Raw data:

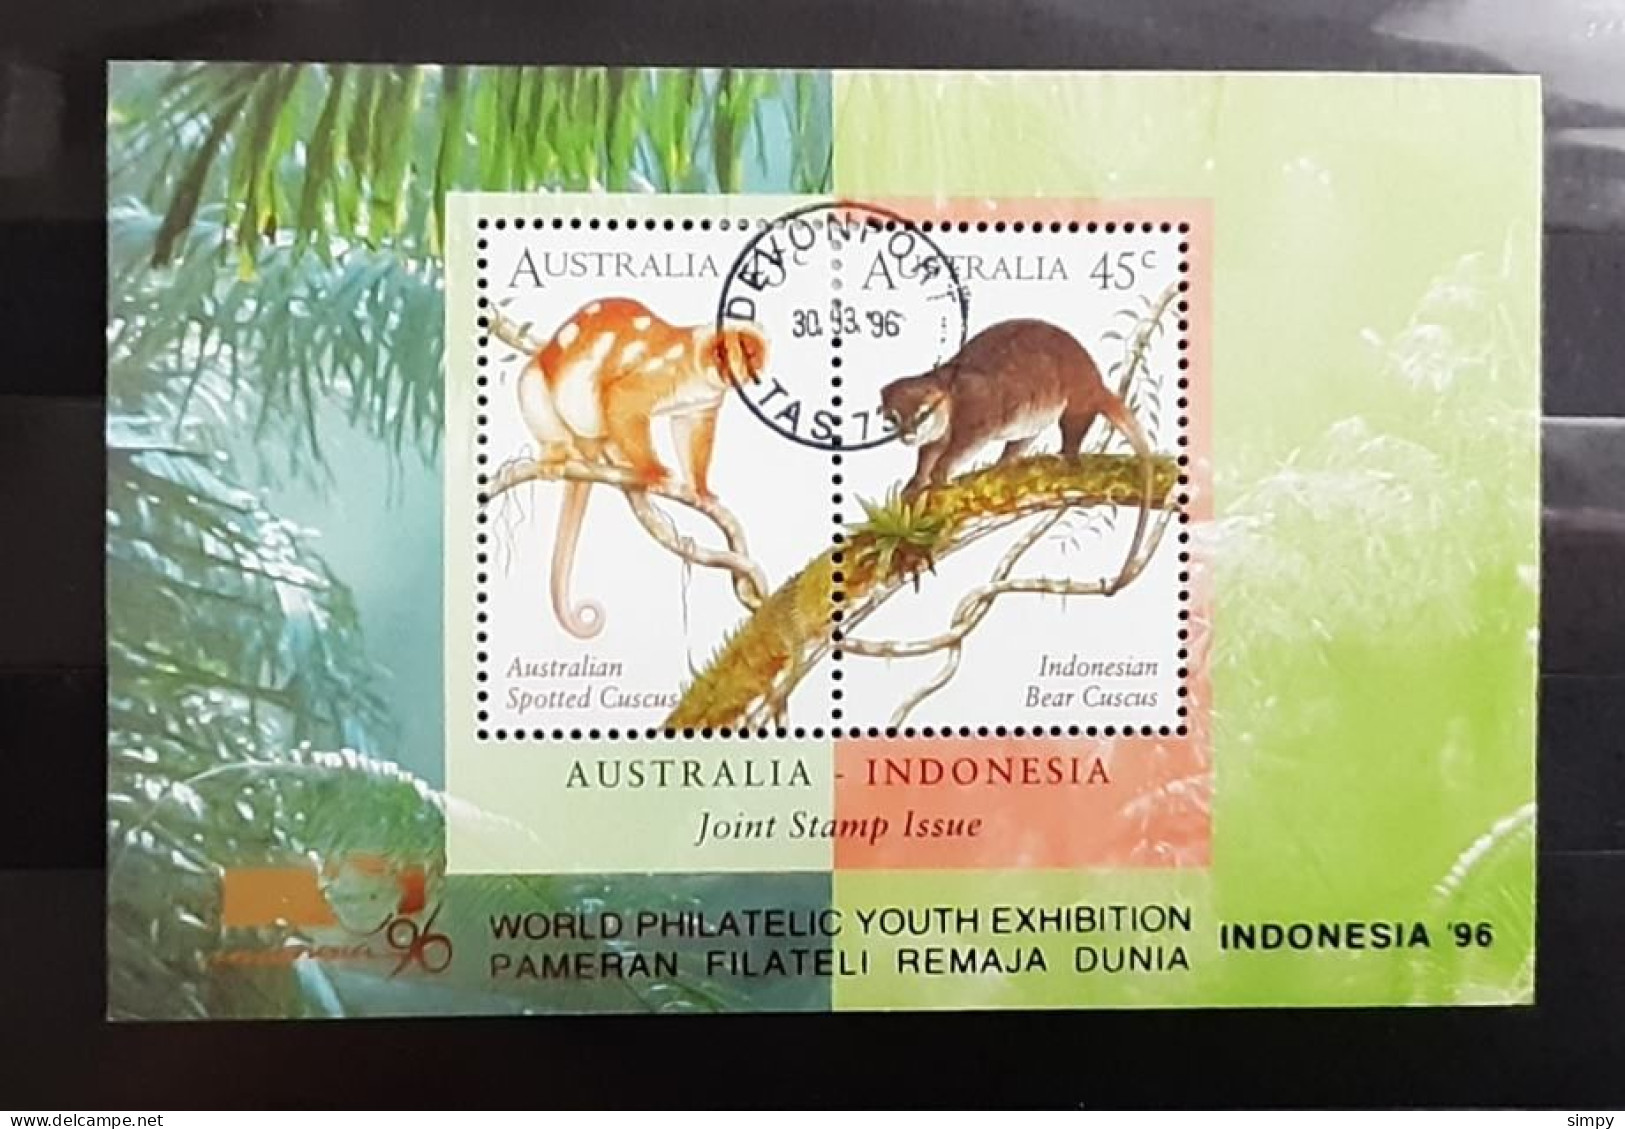 AUSTRALIA 1996 Cuscus Stamp Show Exhibition Indonesia Used Mini Sheet Block - Blocks & Kleinbögen
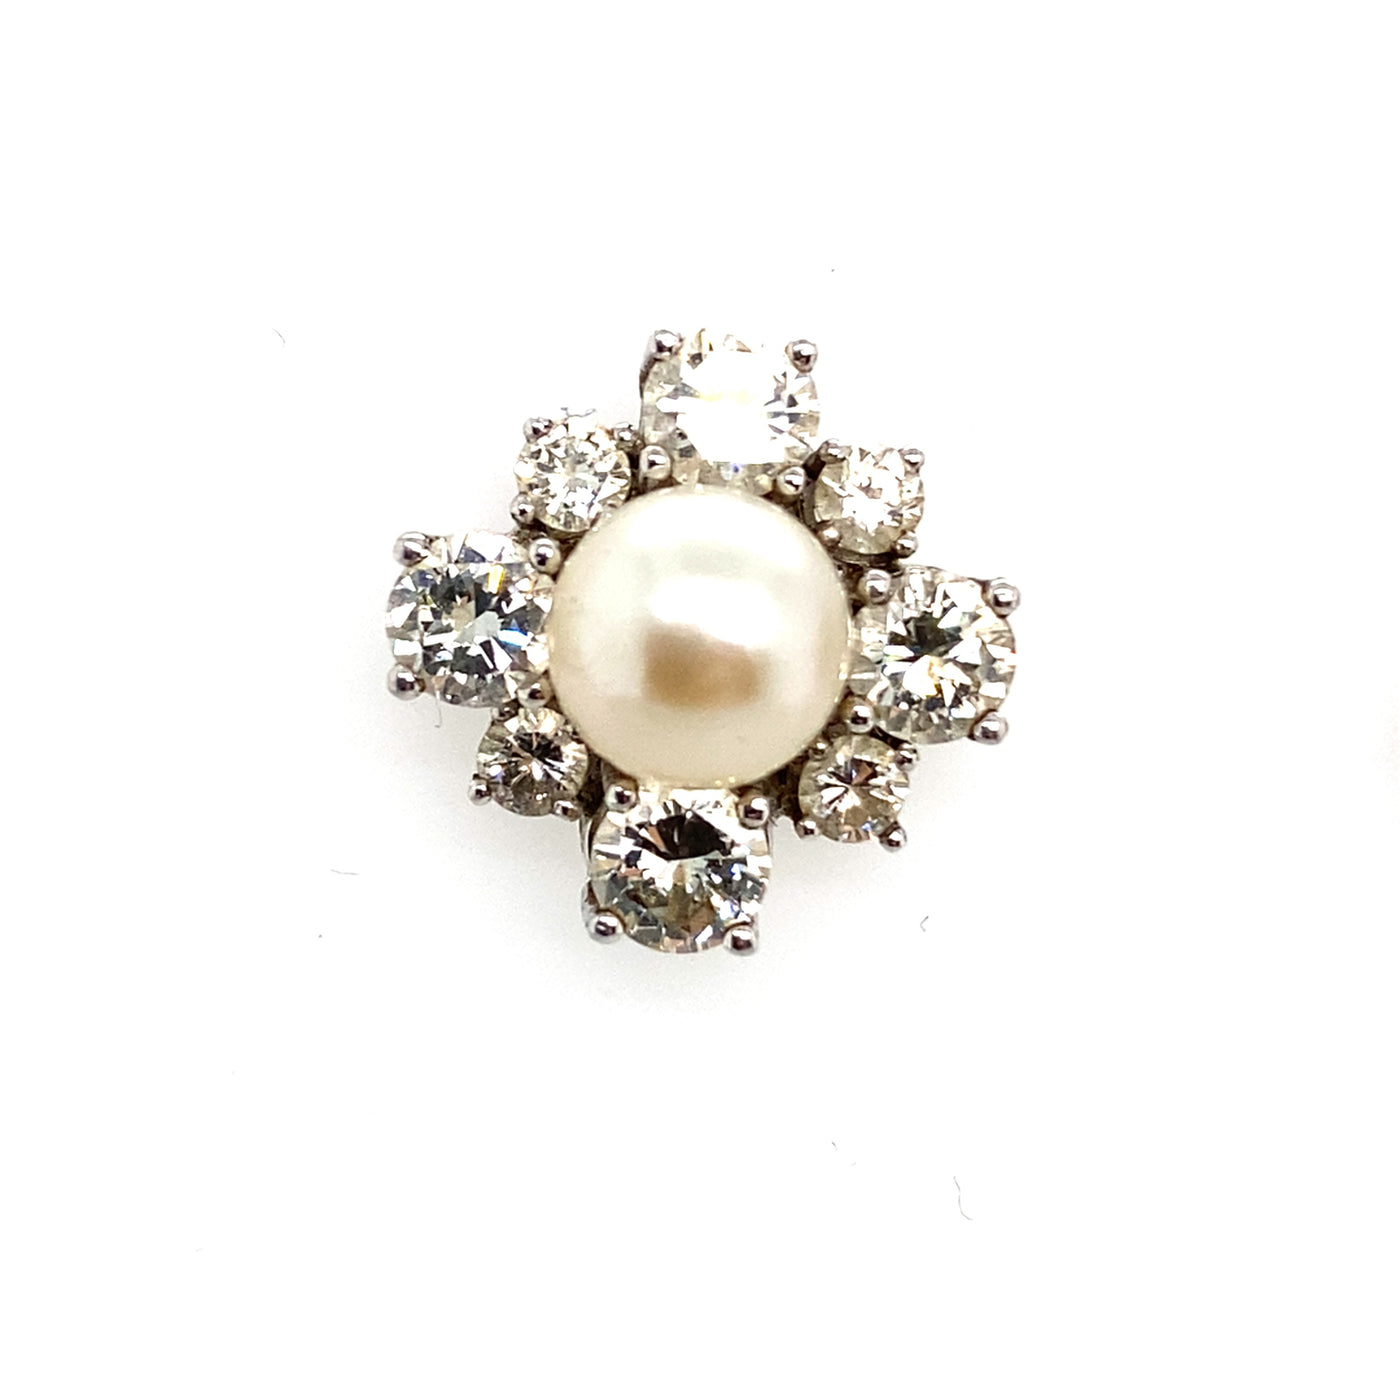 Twice White - Klassische Perlohrringe mit Diamanten
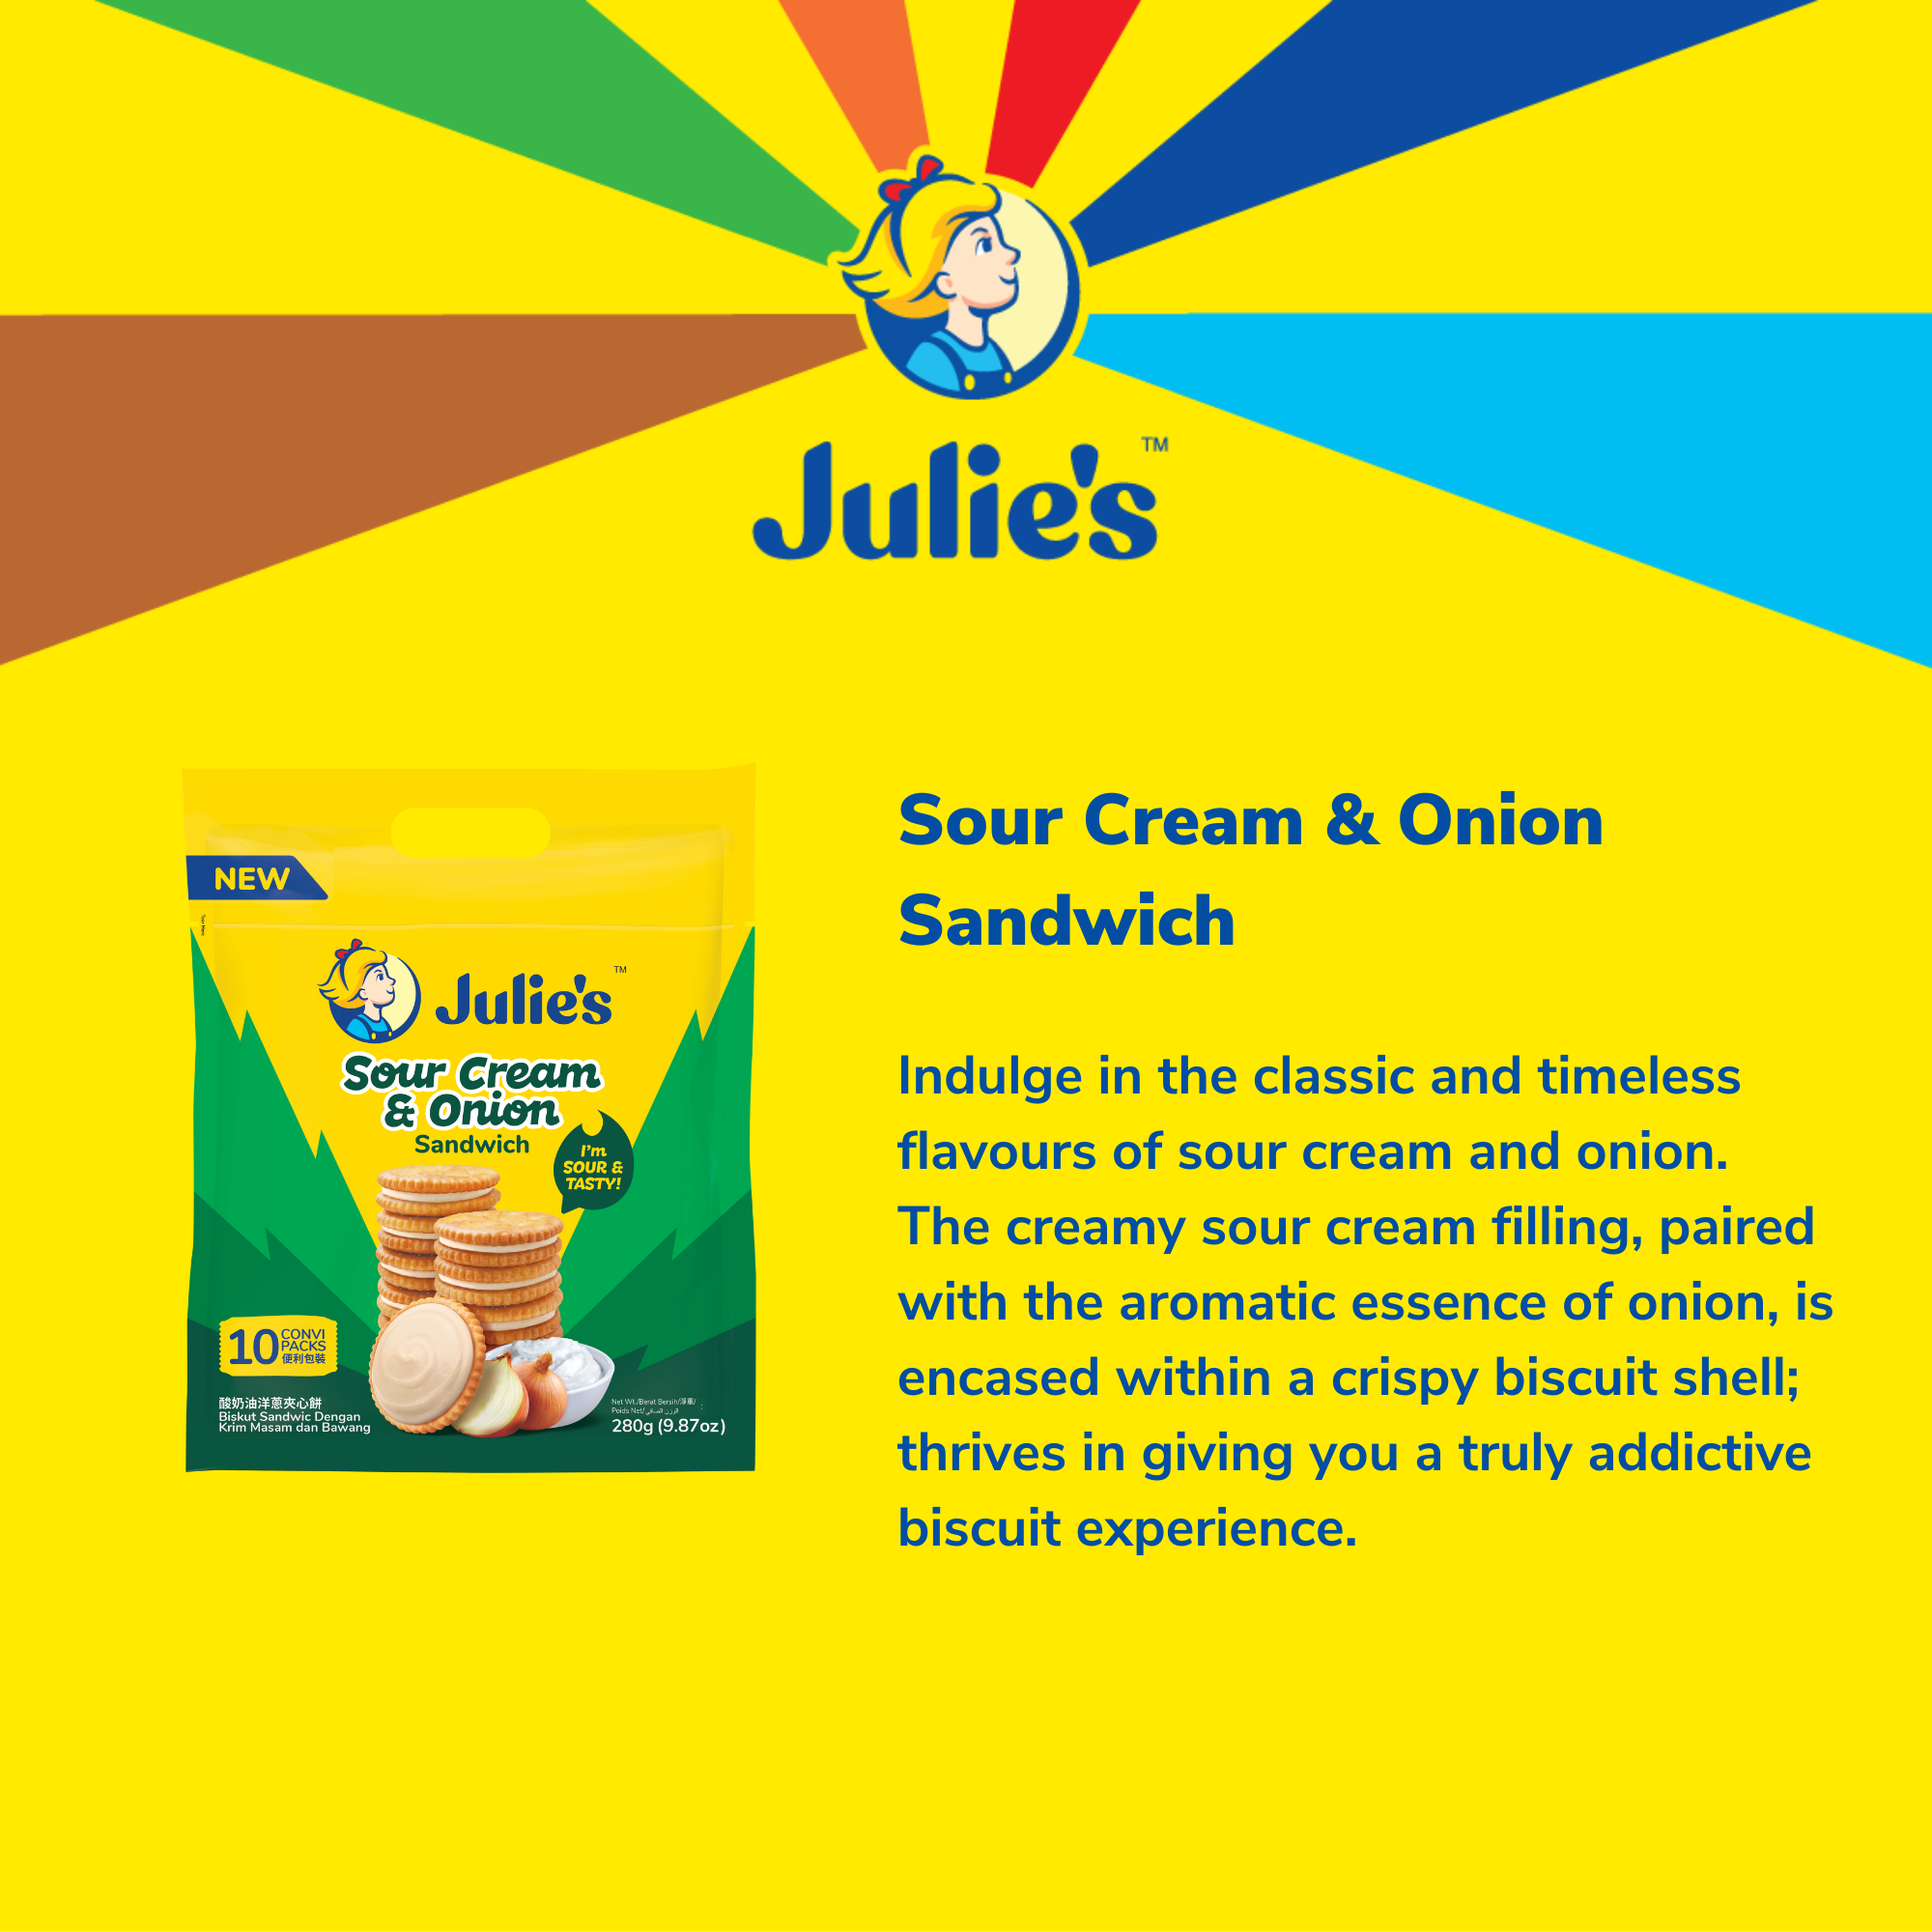 Julie's Sour Cream & Onion Sandwich 280g x 3 packs
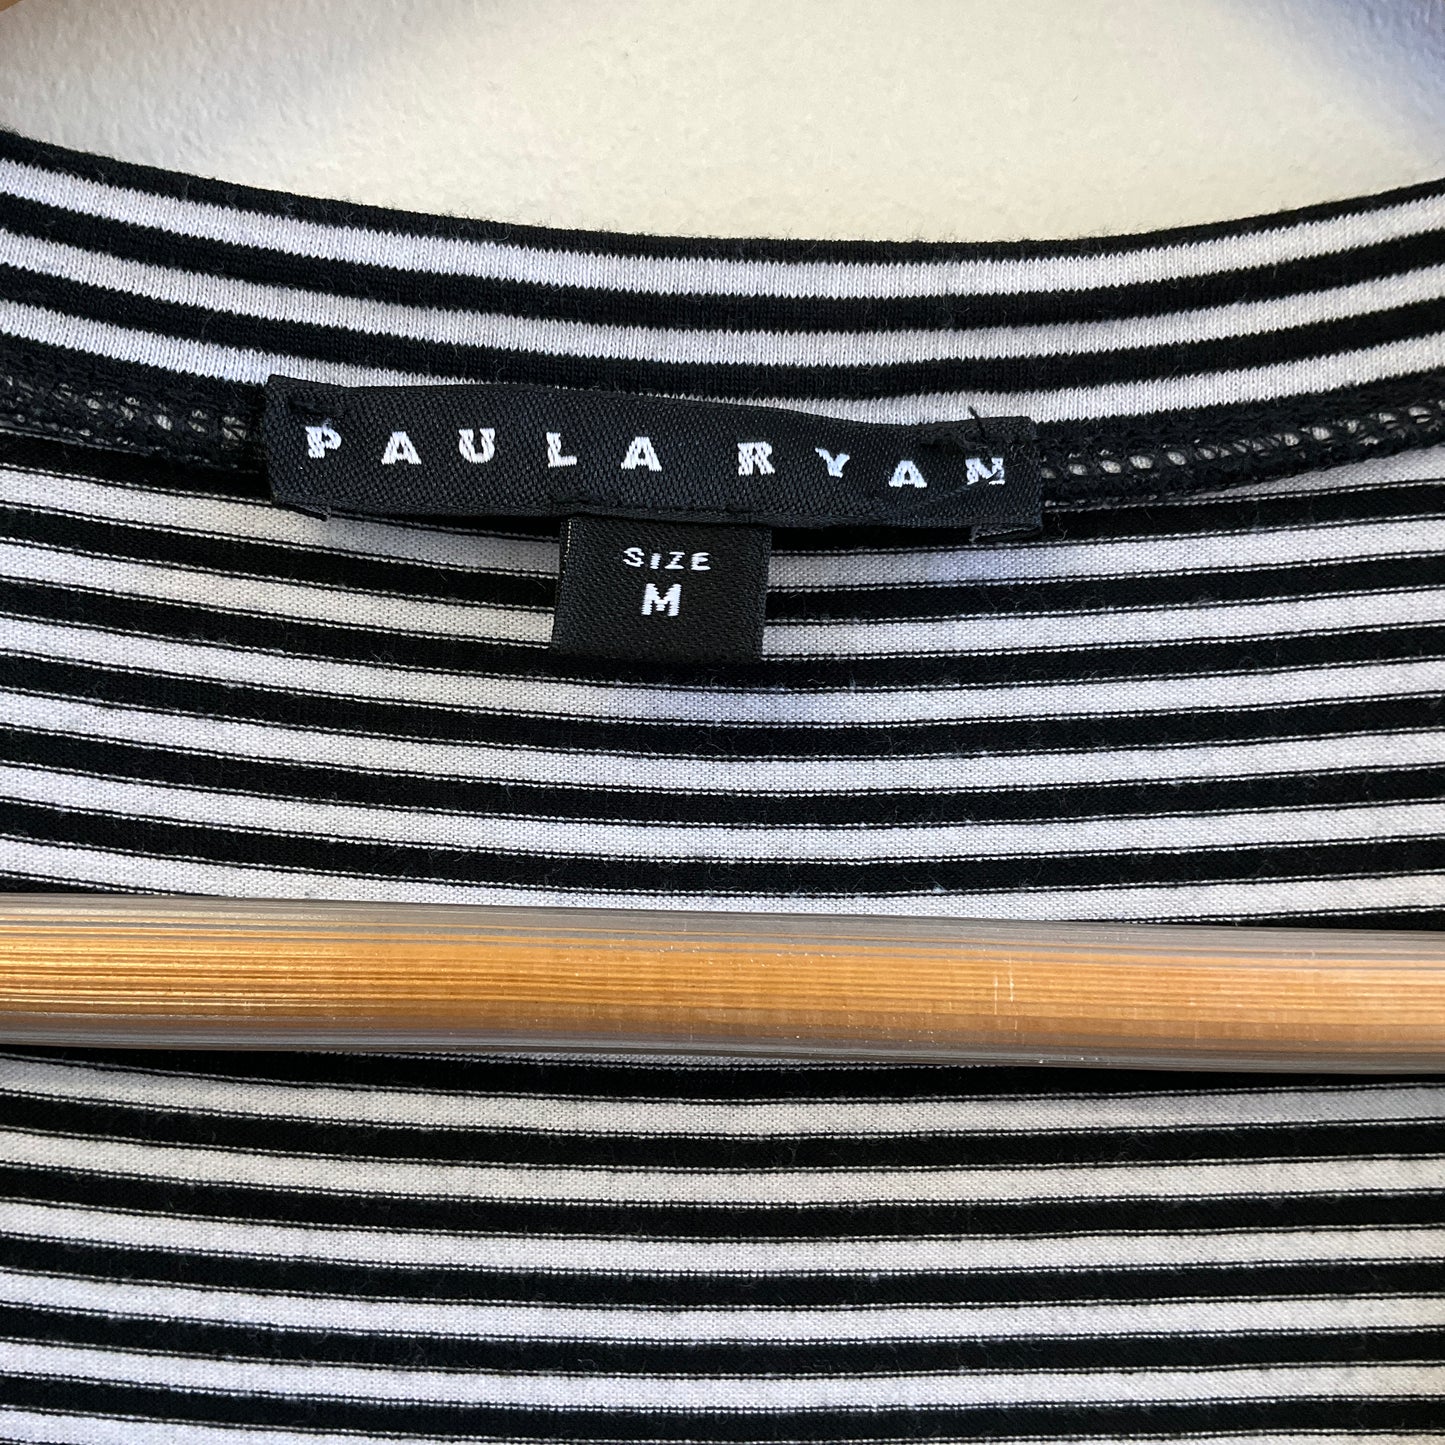 Paula Ryan - Striped Top

Required work: Every word of the material above should be copied exactly; no pictures.

Result for this exercise:
 AUSTRALIA 1996 Cuscus Stamp Show Exhibition Indonesia Used Mini Sheet Block - Blocks & Kleinbögen
 Twice White - Klassische Perlohrringe mit Diamanten
 Julie's Sour Cream & Onion Sandwich 280g x 3 packs
 Paula Ryan - Striped Top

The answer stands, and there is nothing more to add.